Николай Герасимович поморщился, но не сказал ничего.
– Мне уже косвенно, конечно, делали самые выгодные предложения… Здесь, говорят, у вас совсем нет женщин… – продолжала она вполголоса свою болтовню.
Разговор, конечно, шел по-французски.
– Что ты за вздор болтаешь?.. Как нет женщин?..
– Ну, то есть изящных женщин… Ваши мужчины имеют вид голодных собак при виде каждого смазливого личика.
Николай Герасимович не выдержал.
– Перестань болтать пустяки… Поговорим лучше о деле.
Он сообщил ей о положении своих денежных дел, о надежде на вторичное оправдание в Калуге и некоторых планах будущего.

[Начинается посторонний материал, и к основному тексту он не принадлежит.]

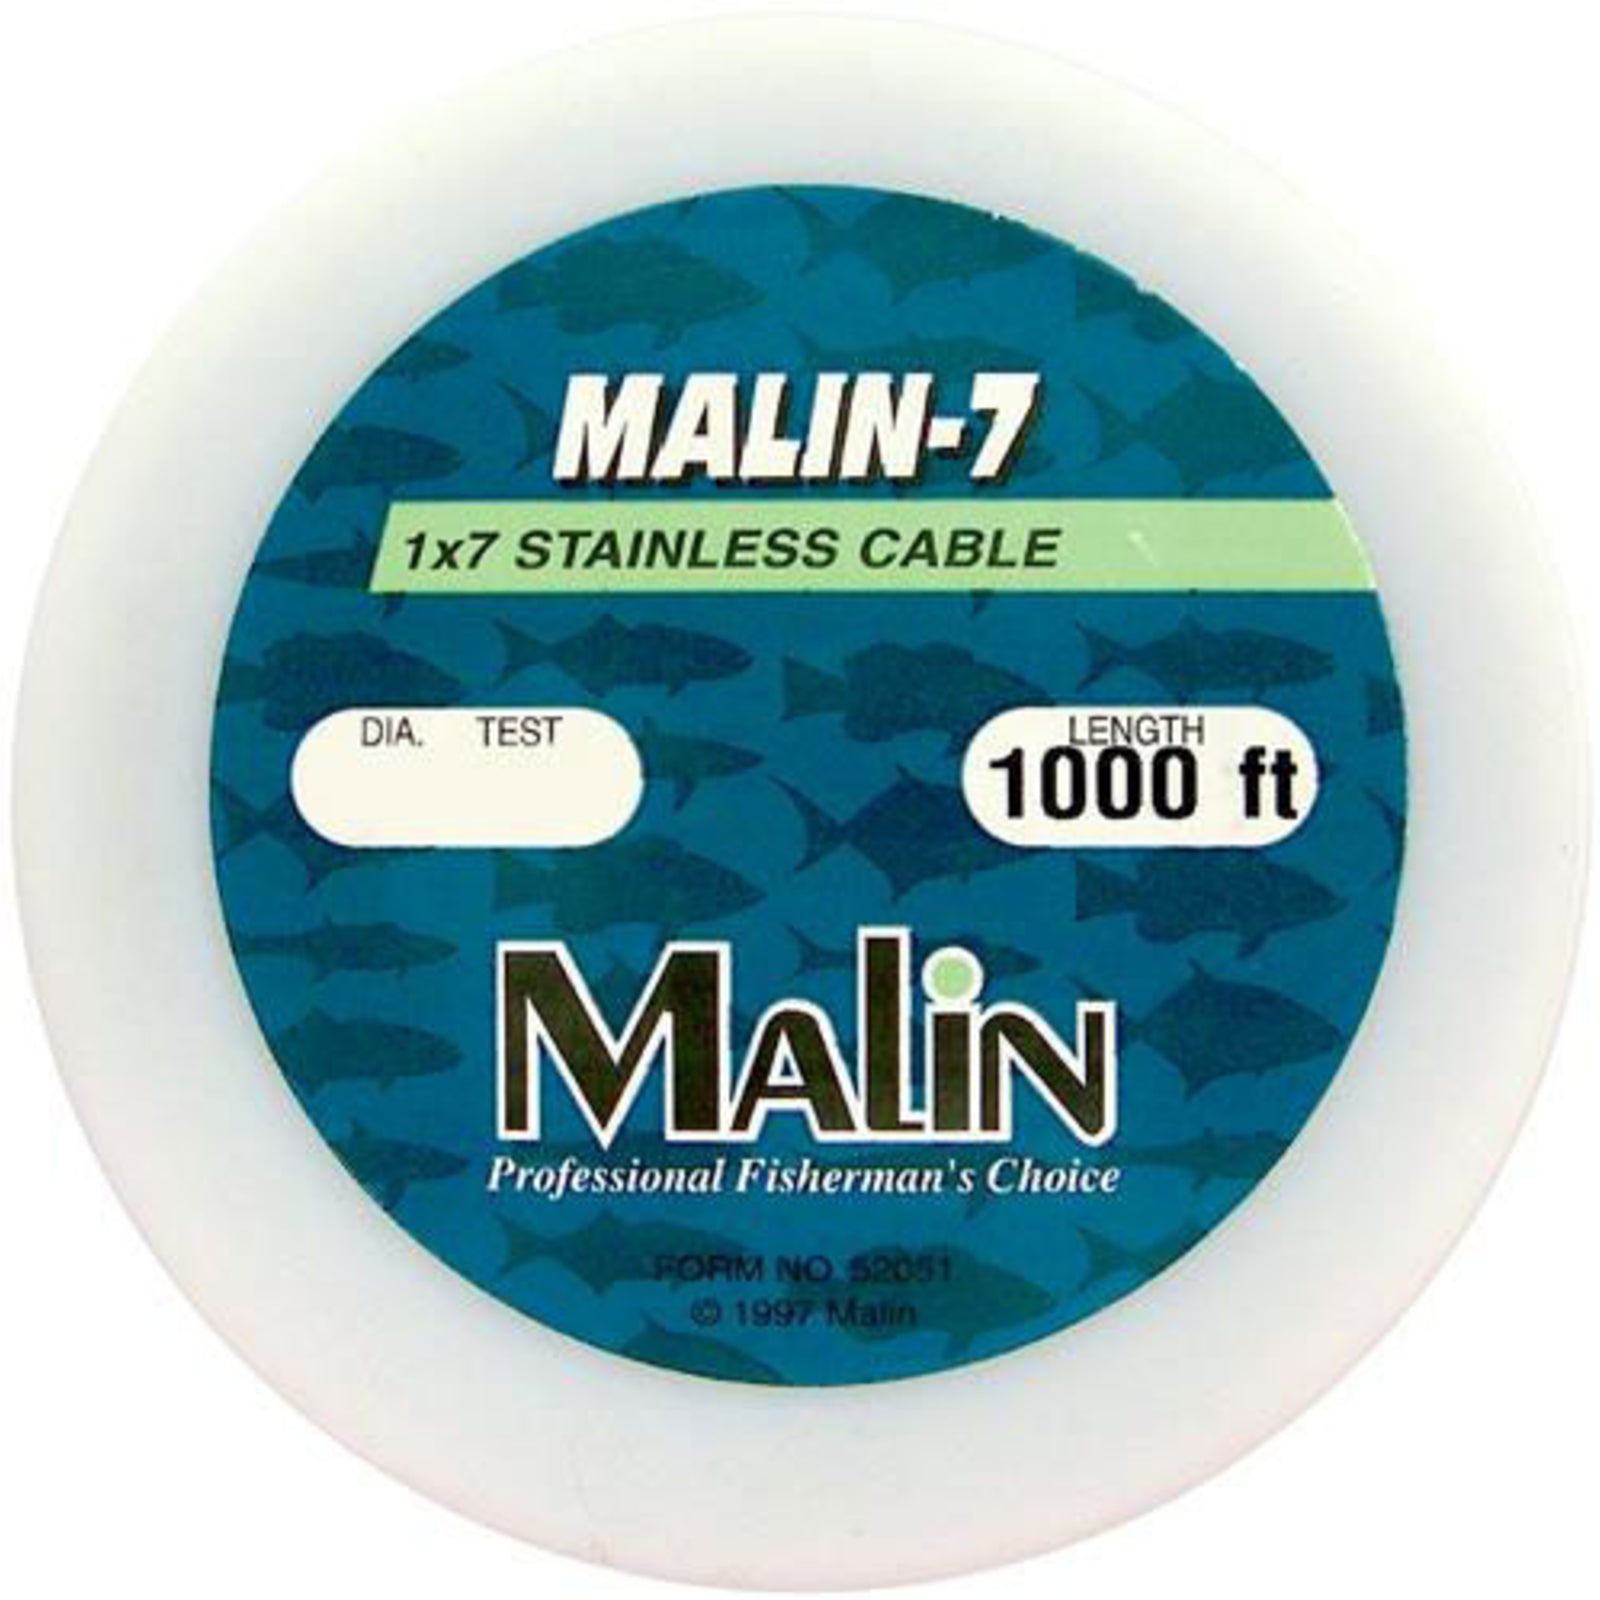 MALIN 7-STRAND STAINLESS STEEL WIRE 1000FT BRITE – Fat Nancy's Tackle Shop
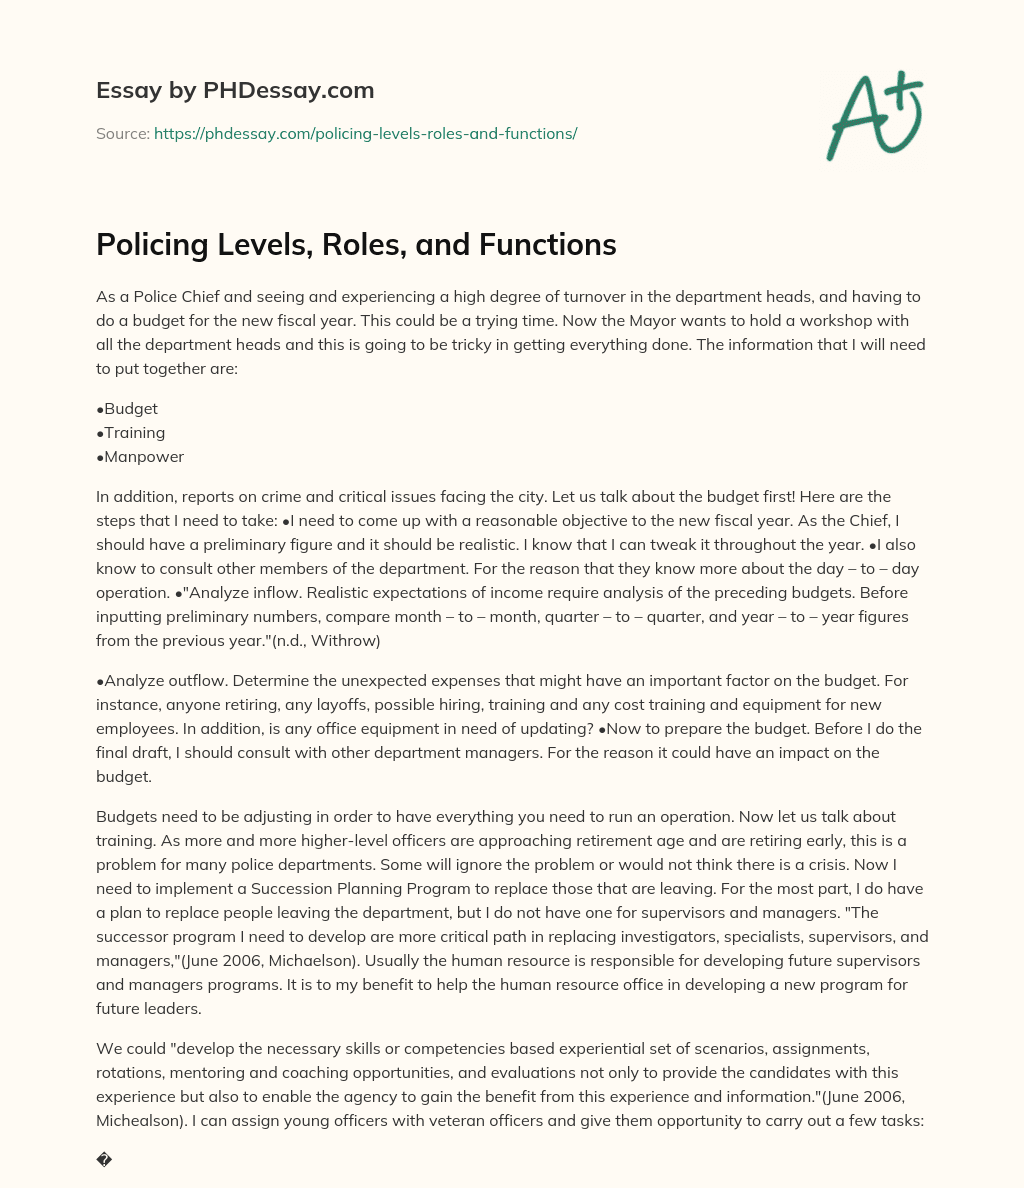 Policing Levels, Roles, and Functions essay

– Тебе, конечно, придется бросить свою сценическую деятельность, – сказал он, подчеркнув последнее слово.
– Почему?
– А потому, что я ненавижу сцену, – резко отвечал он. Перед ним промелькнуло его тяжелое прошлое.
Он вспомнил Маргариту Гранпа, которую погубила и отняла та же сцена. Припомнился ему неожиданный его арест в Большом театре и поездка в Пинегу, откуда он вернулся, чтобы узнать, что девушка, которую он одну в своей жизни любил свято и искренно, начала свое гибельное падение по наклонной плоскости сценических подмостков.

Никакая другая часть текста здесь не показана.